3) Xerox Yaklaşımı: Bu yaklaşımda tedarikçiler adım adım elimine edilmekte

ve her bir adımda uygulanan prosedür ve kurallar bir öncekinden farklı olmaktadır. Örneğin ilk adımda, teknolojik altyapısı uygun olmayan tedarikçiler elimine edilmektedir. İkincim adımda ise üretim sistemi yeterli olmayan tedarikçilerle çalışmama kararı alınmaktadır. Bir diğer adımda mali açıdan yeterli olmayan işletmeler elenmektedir.

4) Üç Grup Yaklaşımı: Bu yaklaşım tarzına göre, tedarikçiler üç grupta

toplanmaktadırlar. Birinci grupta yer alan sanayiciler, kötü performans gösterenlerdir. Bu grup, eliminasyonun temelini oluşturur. İkinci grupta yer alanlar, ilk grubun tersine iyi performans gösteren tedarikçilerdir. Üçüncü grup tedarikçiler ise, bu iki grubun arasındadır. Bu grubun performansı iyi değildir ancak istenilen düzeye gelebilecek tedarikçiler vardır. Ana sanayi işletmesi, tedarikçileri iyileştirmek için kullanacağı tüm kaynakları bu gruba aktarır.

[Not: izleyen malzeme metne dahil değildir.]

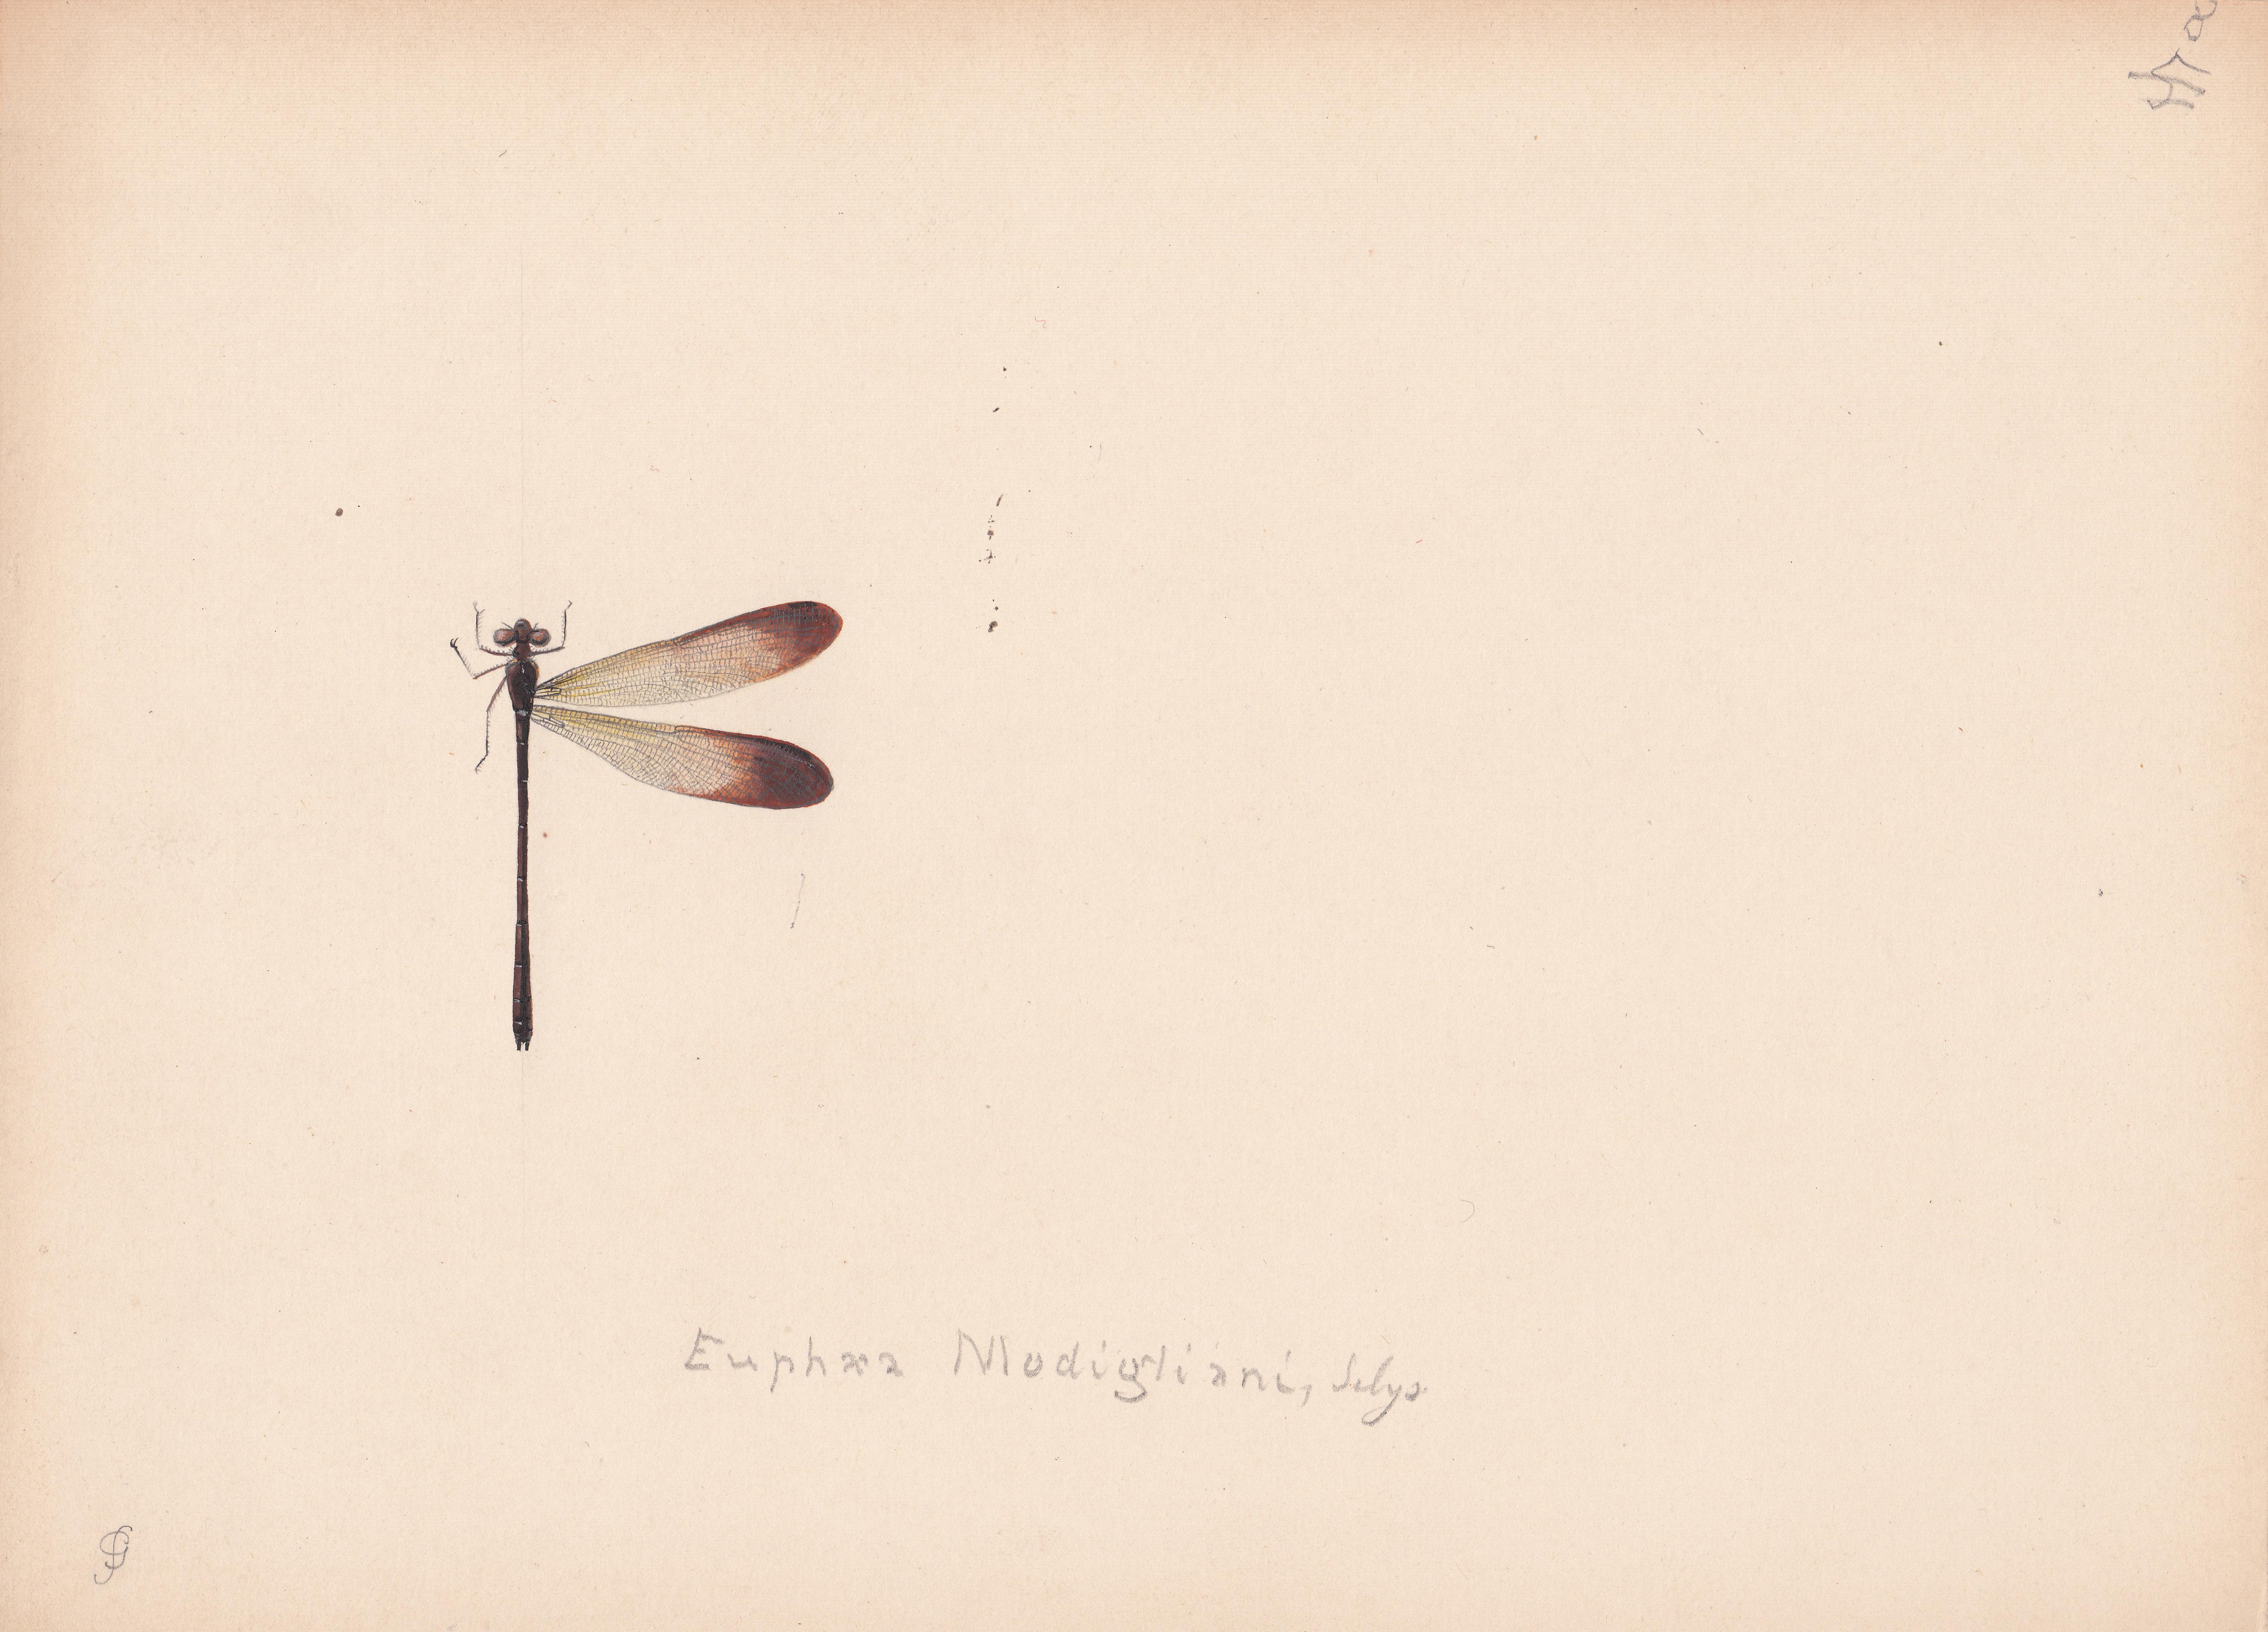 Euphaea modigliani.jpg

5) Modüler Yaklaşım: Bu yaklaşım tarzında amaç, işletmelerin üreteceği

parça sayısını azaltmaktır. Buna göre, işletmeler ürünlerini belli başlı sistem parçaları halinde toplamaktadır. Örneğin bir işletmenin 15.000’in üzerinde parça üretmesi

(31)

durumunda, işletmenin bu parçaları 150 grupta toplaması, yalnızca 150 adet tedarikçi ile çalışacağı anlamına gelebilmektedir.

Modelin dayandığı temel esaslar aşağıdaki şekilde ifade edilmektedir (Çağlıyan, 2009: 467-468):

• Alıcı belirli bir mal ya da hizmeti az sayıda (genellikle iki) tedarikçiden almaktadır,

• Parça bazında mal almak yerine sistem alma esası uygulanmaktadır. Bu iki unsur tedarik sürecinde kademeli bir yapılanmaya yol açmaktadır, • Sözleşmeler genellikle orta ve uzun vadelidir,

• Tedarikçiler mamulün tasarımından doğrudan sorumludur,

• Taraflar arasında yoğun bir bilgi alış verişi vardır. Taraflar arasında karşılıklı değişimi sağlanan bilgi miktar ve çeşit bakımından yüksektir. • Karşılıklı güven, risk paylaşımı ve teknolojik destek yüksektir,

• Ticari sözleşmeler esnektir ve taraflar arasındaki sorunlar karşılıklı görüşmeler yoluyla giderilmektedir. Yapılan sözleşmeler genellikle orta ve uzun vadelidir. Bir araba modelinin ömrü boyunca yapılan bir anlaşma bu olaya örnek teşkil etmektedir,

• Tedarikçilerin sıfır hatalı mamul sağlamaları beklenmektedir, • Hem resmi hem de gayri resmi görüşmeler oldukça sıktır,

• Toplam maliyet yönetiminin önemsenmesi ile birlikte; problem çözücü, “kazanım-kazanım” anlayışı hakimdir,

• Herhangi bir ticari ilişkide olduğu gibi işbirliği esasına dayanan ilişkilerde de taraflar arasındaki güç dengesini geleneksel ilişkilerden ayıran özellik, sorunların yapıcı bir şekilde çözülmesidir.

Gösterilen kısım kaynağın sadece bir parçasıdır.